With the sheer amount of data coming from IoT, the insurance sector has a huge opportunity to better serve consumers. Say, for example, a consumer purchases home insurance for a specific rate premium. A month after activating the insurance contract, the consumer installs two carbon monoxide detectors in the house.
In an IoT-enabled world, the carbon monoxide detector devices could be wi-fi enabled to send their data to the insurer informing them that the consumer’s home is more secure than before.
This could then trigger an automated rate adjustment at the insurer, and the premium to be paid by the consumer could get reduced automatically the following month.
3. Predictive Analytics
Insurers have been using predictive analytics for some time for things like modelling risks. Though its adoption today can enable a great many more things, as this article points out.
We’re already seeing companies like EigenRisk pop up that offer analytics which enables brokers and their clients to better model their own natural catastrophe risks. This, in turn, can help brokers essentially pre-underwrite the risk and in some cases, negotiate better rates.
The possibilities are seemingly endless with how predictive analytics can enhance the insurance industry. One area where I see a great need for analytics is brokerages being able to help insurers quote better.
We see thousands of insurance quotes per day come in.
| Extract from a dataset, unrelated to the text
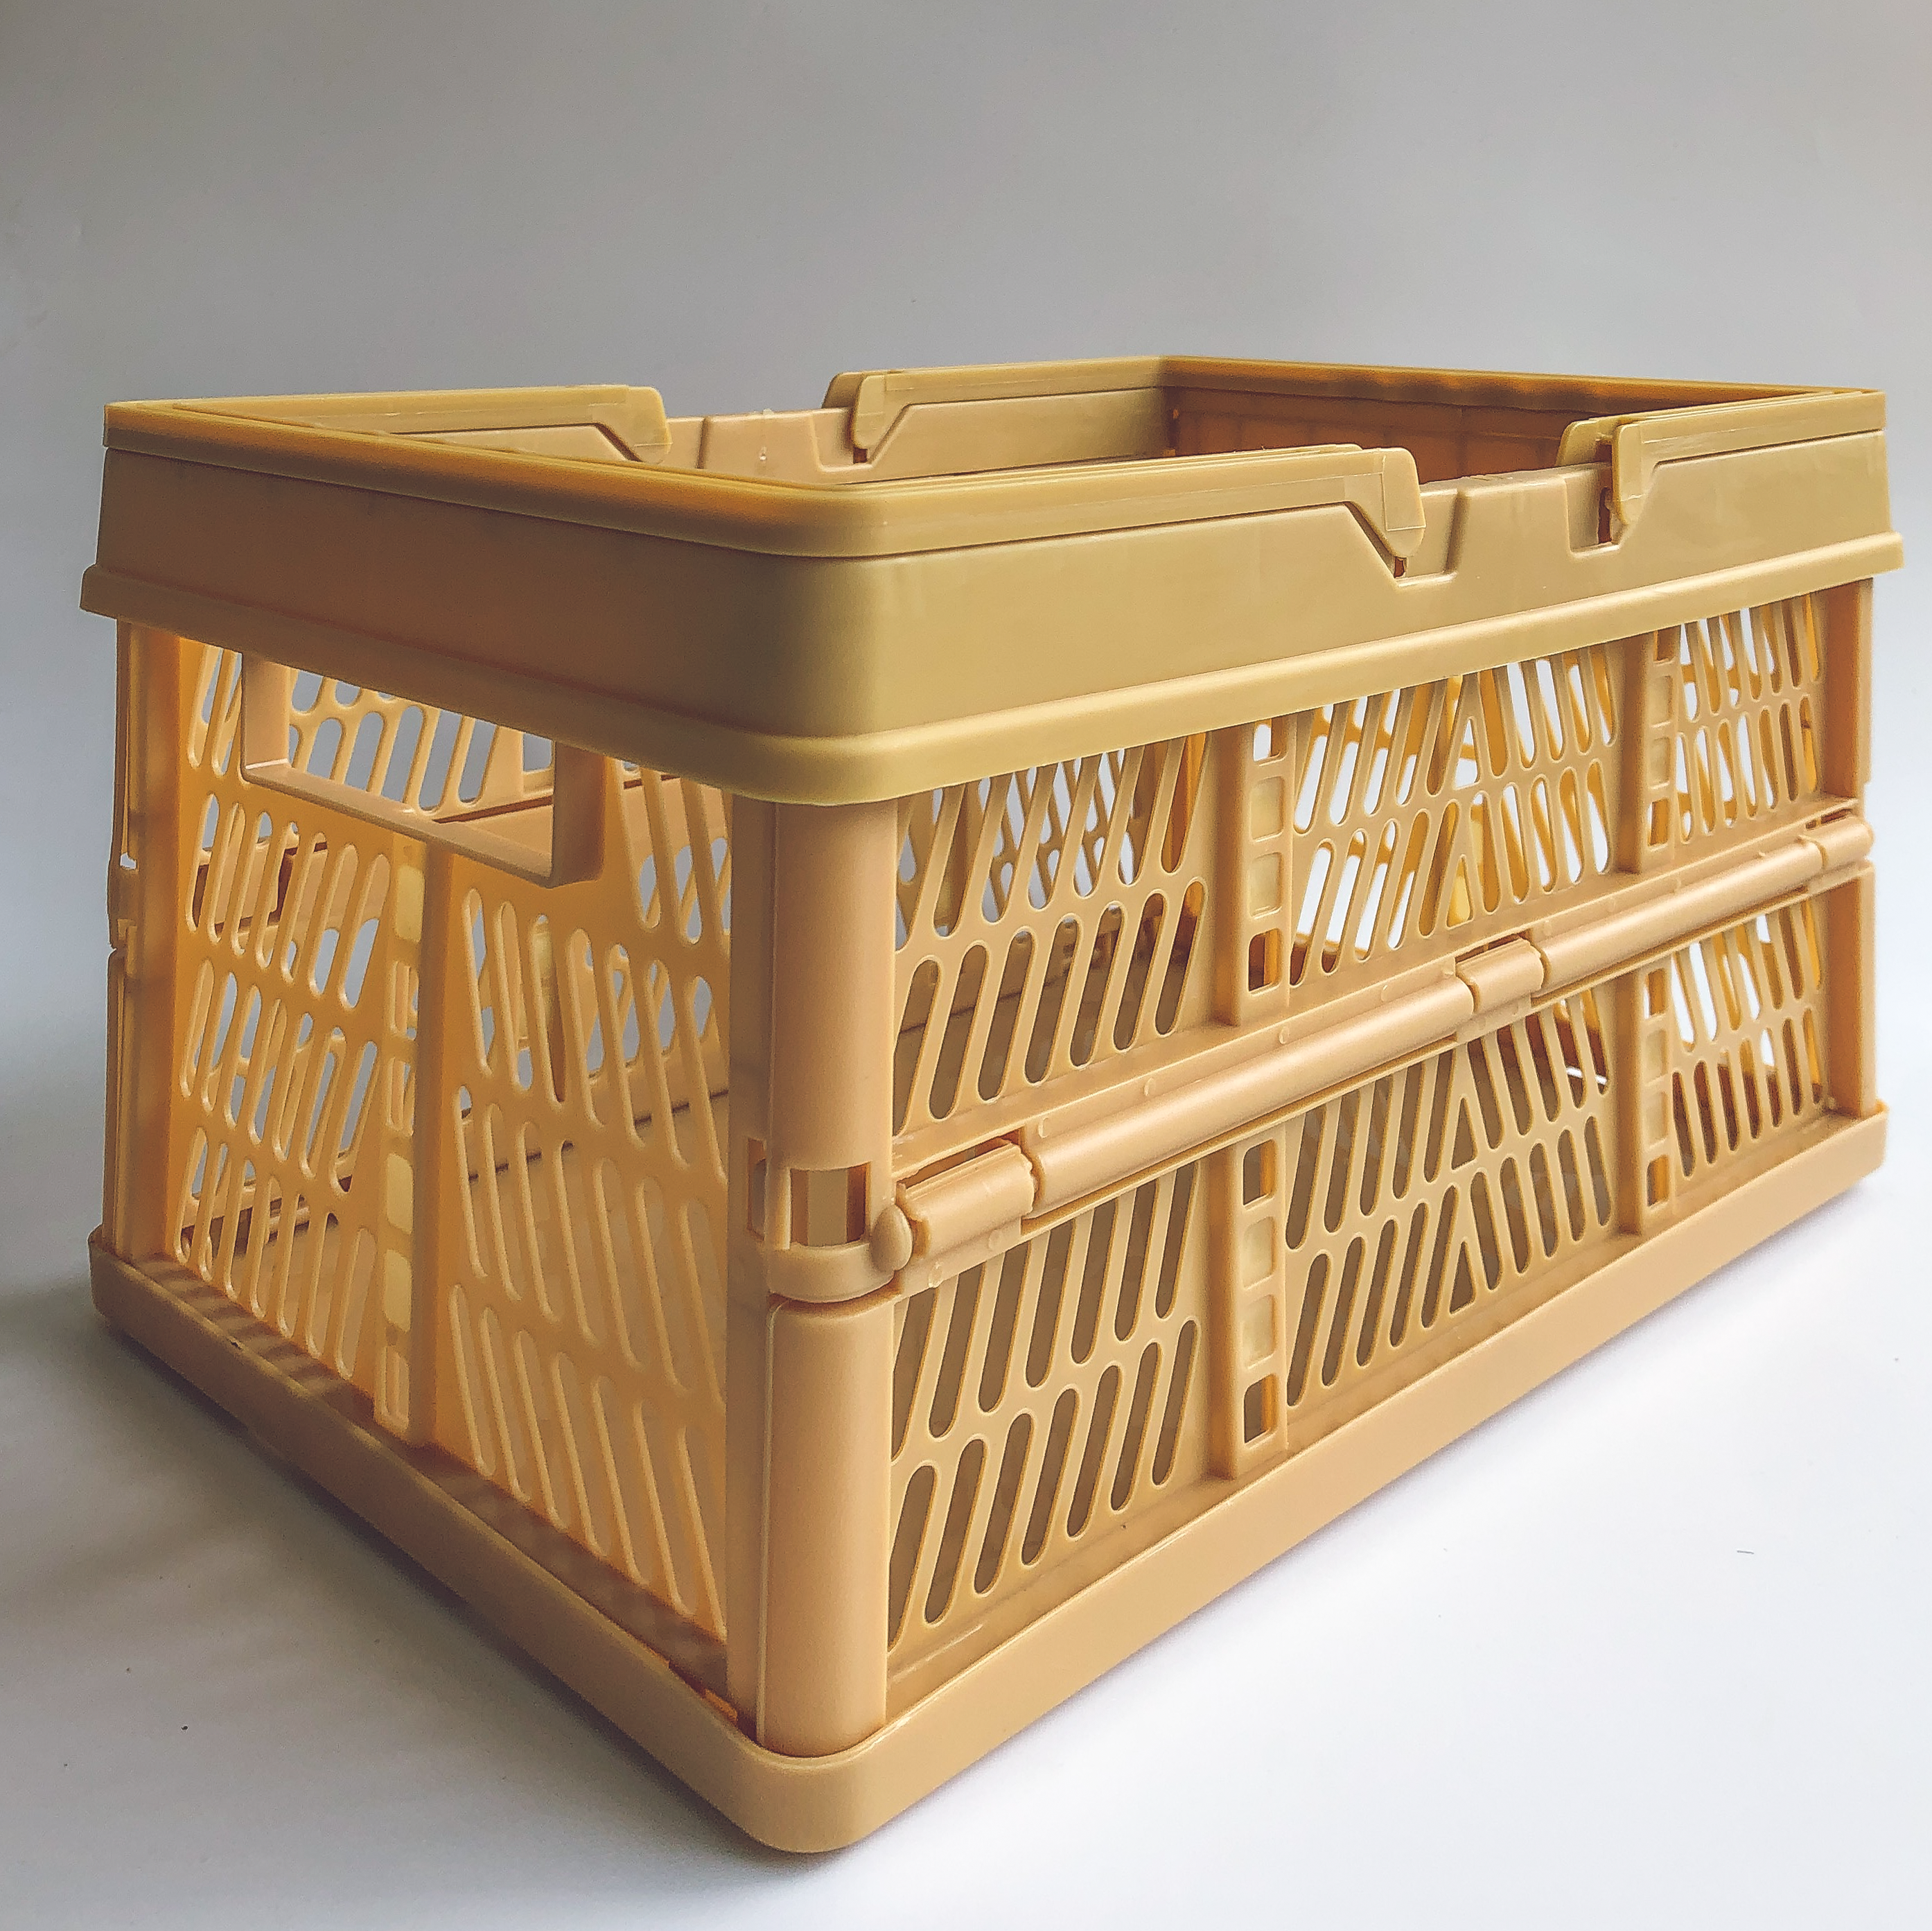 Medium Storage Shopping Basket by PROSE Tabletop

And from those quotes, only a small percentage are recommended and then chosen by our clients.
Using all that data, predictive analytics could show, for example, which quotes were actually selected within a specific subset of companies for a particular region.
The analysis of this data could enable the insurers to learn how to alter their product offerings in order to be more attractive to those seeking insurance.
4. Blockchain Technology
Blockchain technology is essentially a digital ledger of record keeping that cannot be corrupted, and it has many applicable scenarios.
Startups are emerging that use blockchain technology in insurance for multiple use cases, like fraud detection, automated quoting of homogeneous Business Owner Policy (BOP) coverage, and internal processes such as policy checks, First Notice of Loss (FNOL), and financial reconciliation.
5. Quantum Computing
Quantum computing is a totally new way of computing with advanced processing powers. (If this is a newer concept to you, IBM offers a simplified explanation of it here.)
Quantum computing has the ability to take massive, complex datasets and make fast calculations—more efficiently than traditional computing.
It is already being used in some industries, and has the potential to make a massive impact on many others—insurance being one of them.
None of the other four emerging technologies I mentioned in this article are able to truly disrupt the industry until we are able to process the massive amounts of data that insurers and brokers generate every day. That is one of the promises of quantum computing.
What may take two hours of traditional computing, for example, can be accomplished in just one second with quantum computing. Imagine the possibilities.
In essence, the insurance sector is at an inflection point from a technology standpoint—the question is no longer whether or not to digitize; rather, it is about how much to invest mindshare into digital transformation.